= What is expected =
A faithful copy of the data below is required, leaving out every picture.

= Supplied information =
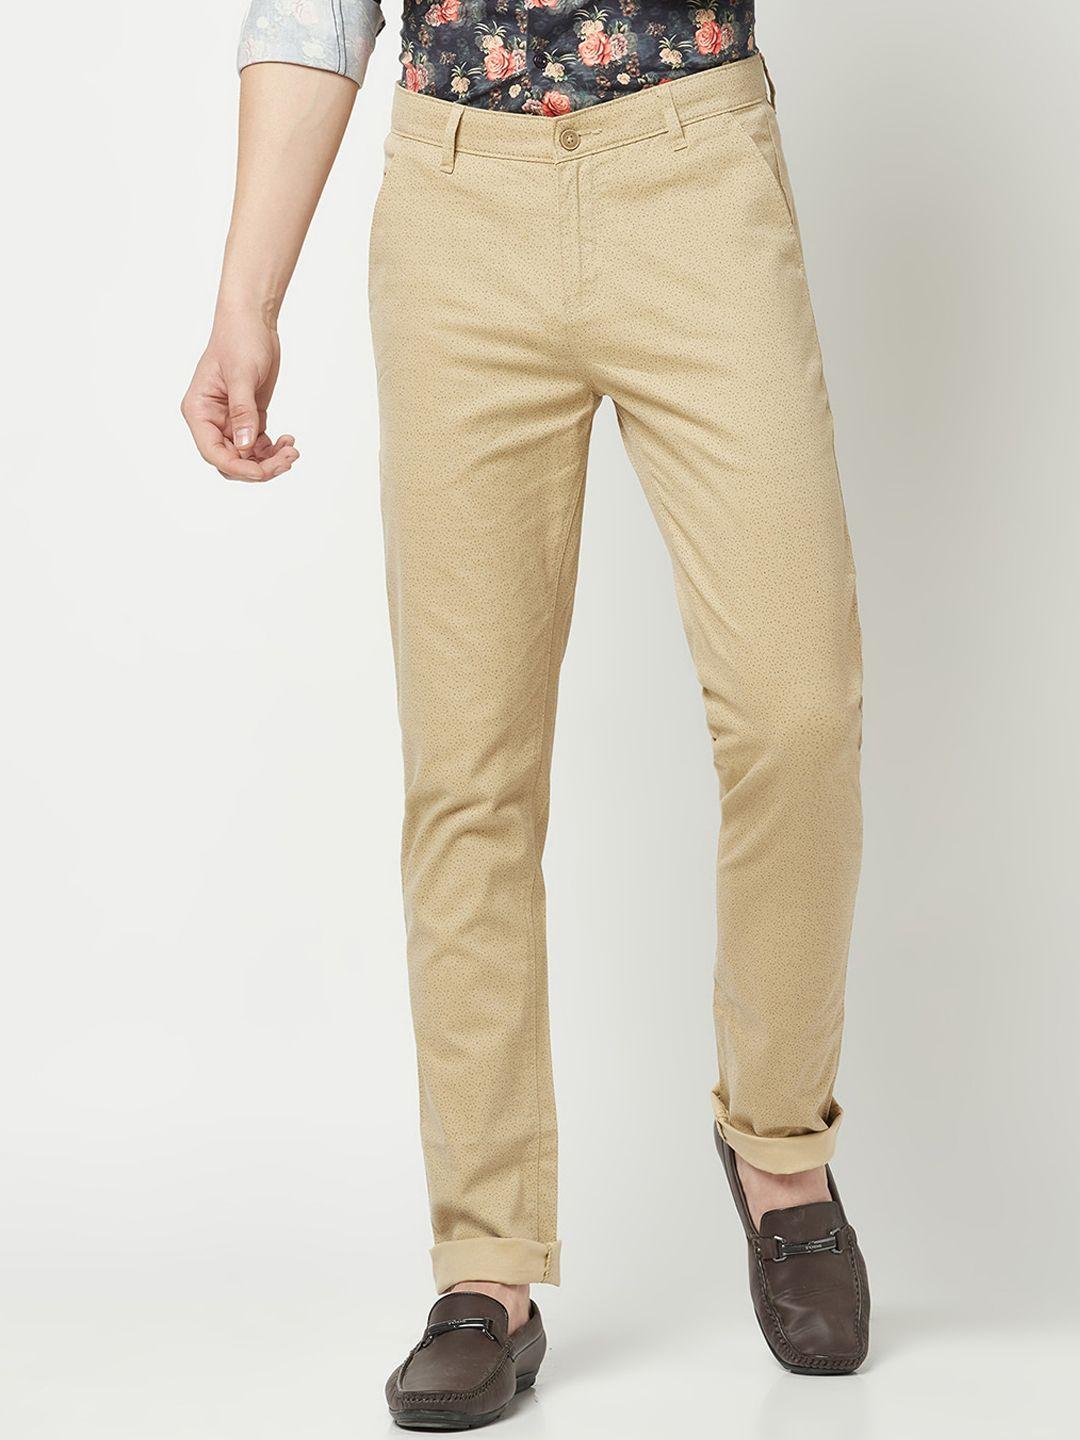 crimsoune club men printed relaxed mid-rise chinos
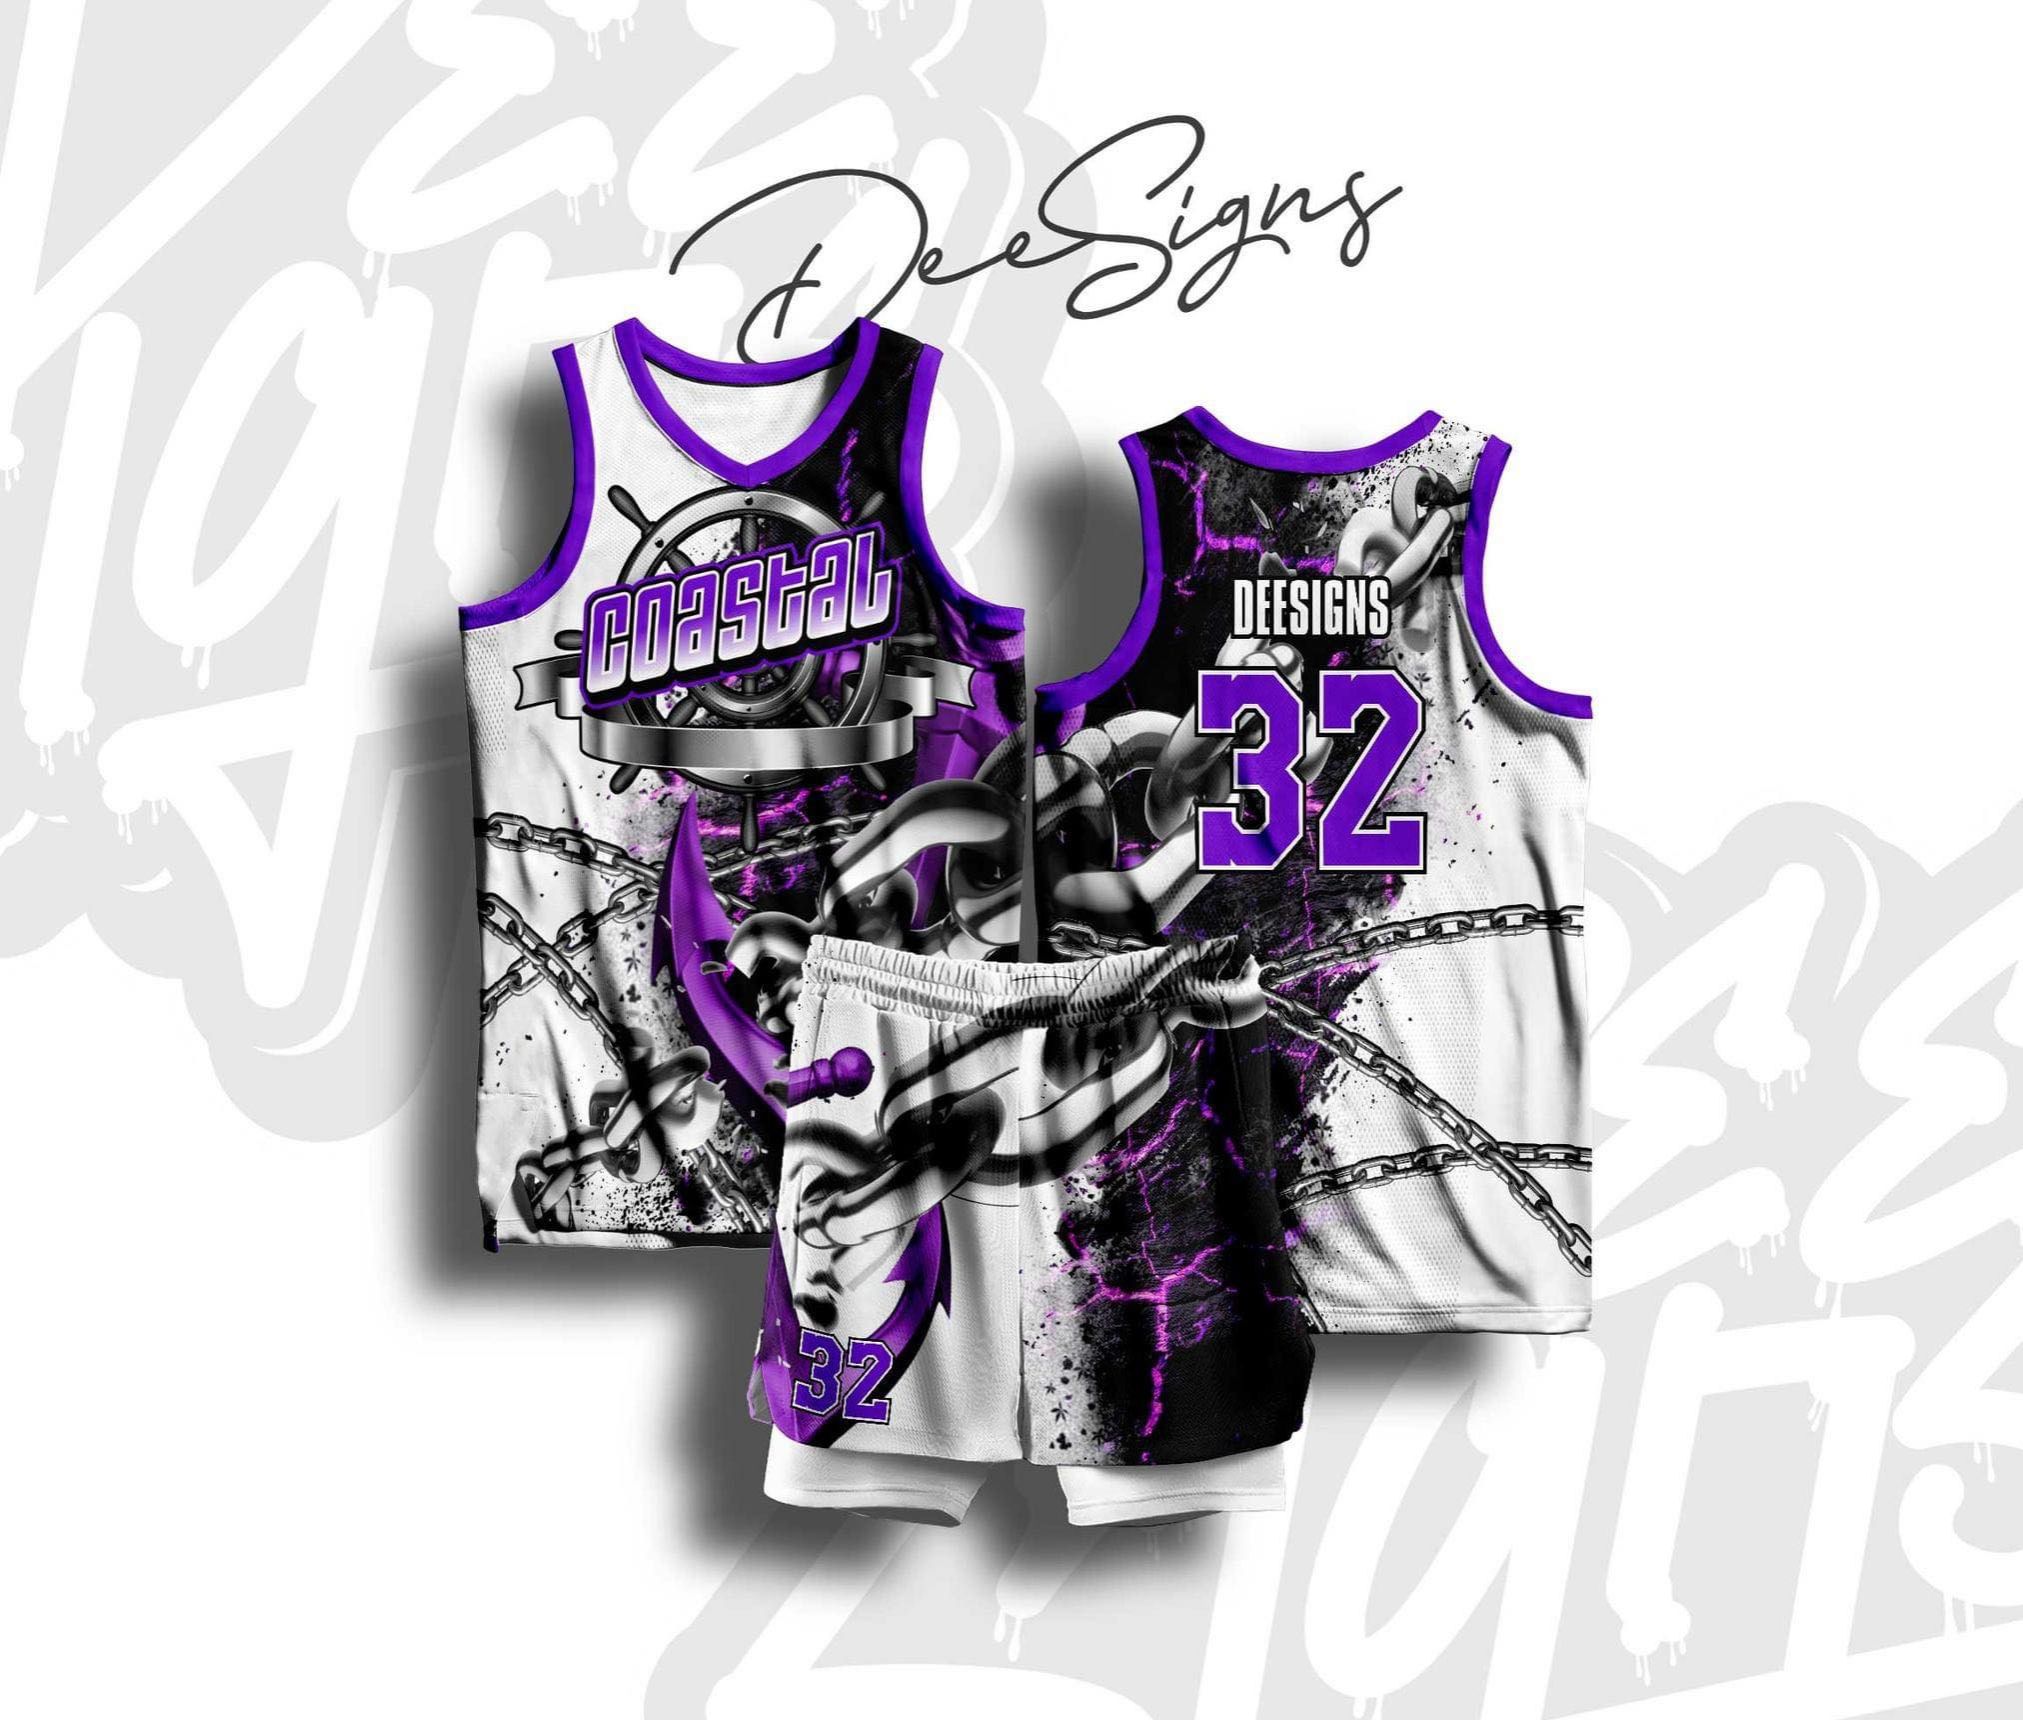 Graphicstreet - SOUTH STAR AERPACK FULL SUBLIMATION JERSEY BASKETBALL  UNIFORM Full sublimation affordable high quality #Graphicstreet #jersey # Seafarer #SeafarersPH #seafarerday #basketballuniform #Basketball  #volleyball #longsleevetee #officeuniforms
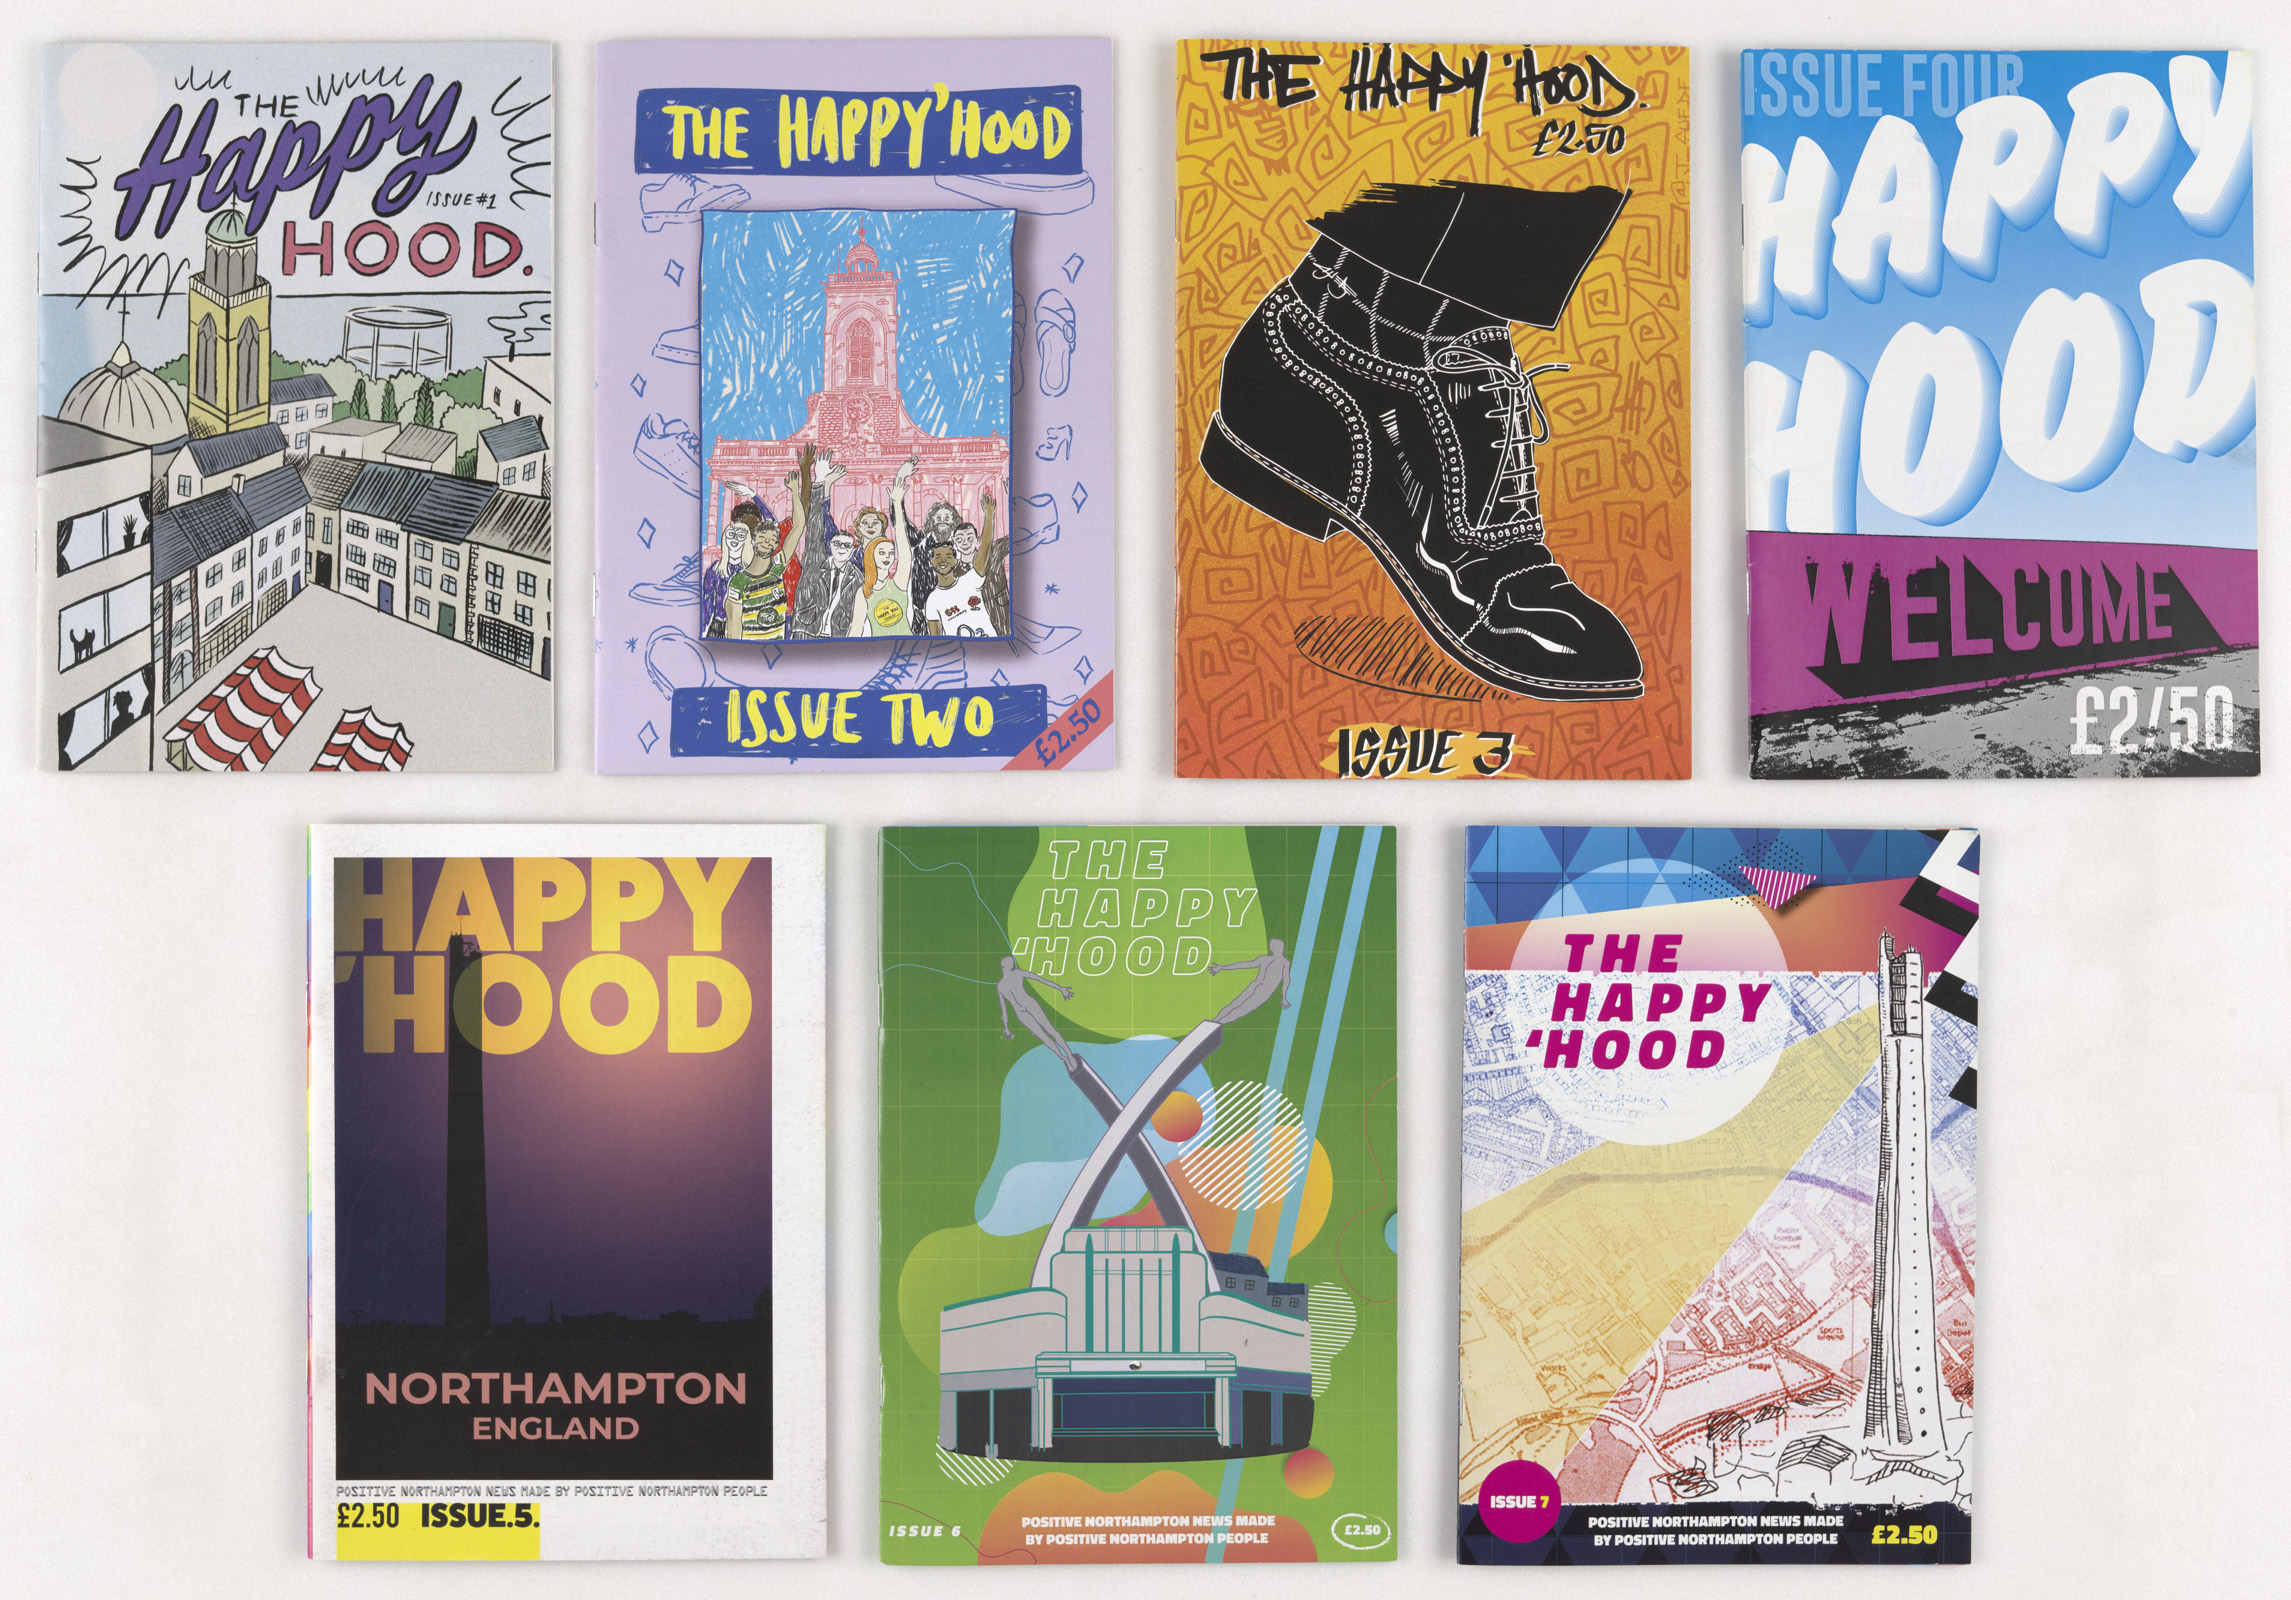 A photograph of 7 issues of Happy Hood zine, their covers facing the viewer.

= Completed exercise =
 crimsoune club men printed relaxed mid-rise chinos
 Graphicstreet - SOUTH STAR AERPACK FULL SUBLIMATION JERSEY BASKETBALL  UNIFORM Full sublimation affordable high quality #Graphicstreet #jersey # Seafarer #SeafarersPH #seafarerday #basketballuniform #Basketball  #volleyball #longsleevetee #officeuniforms
 A photograph of 7 issues of Happy Hood zine, their covers facing the viewer.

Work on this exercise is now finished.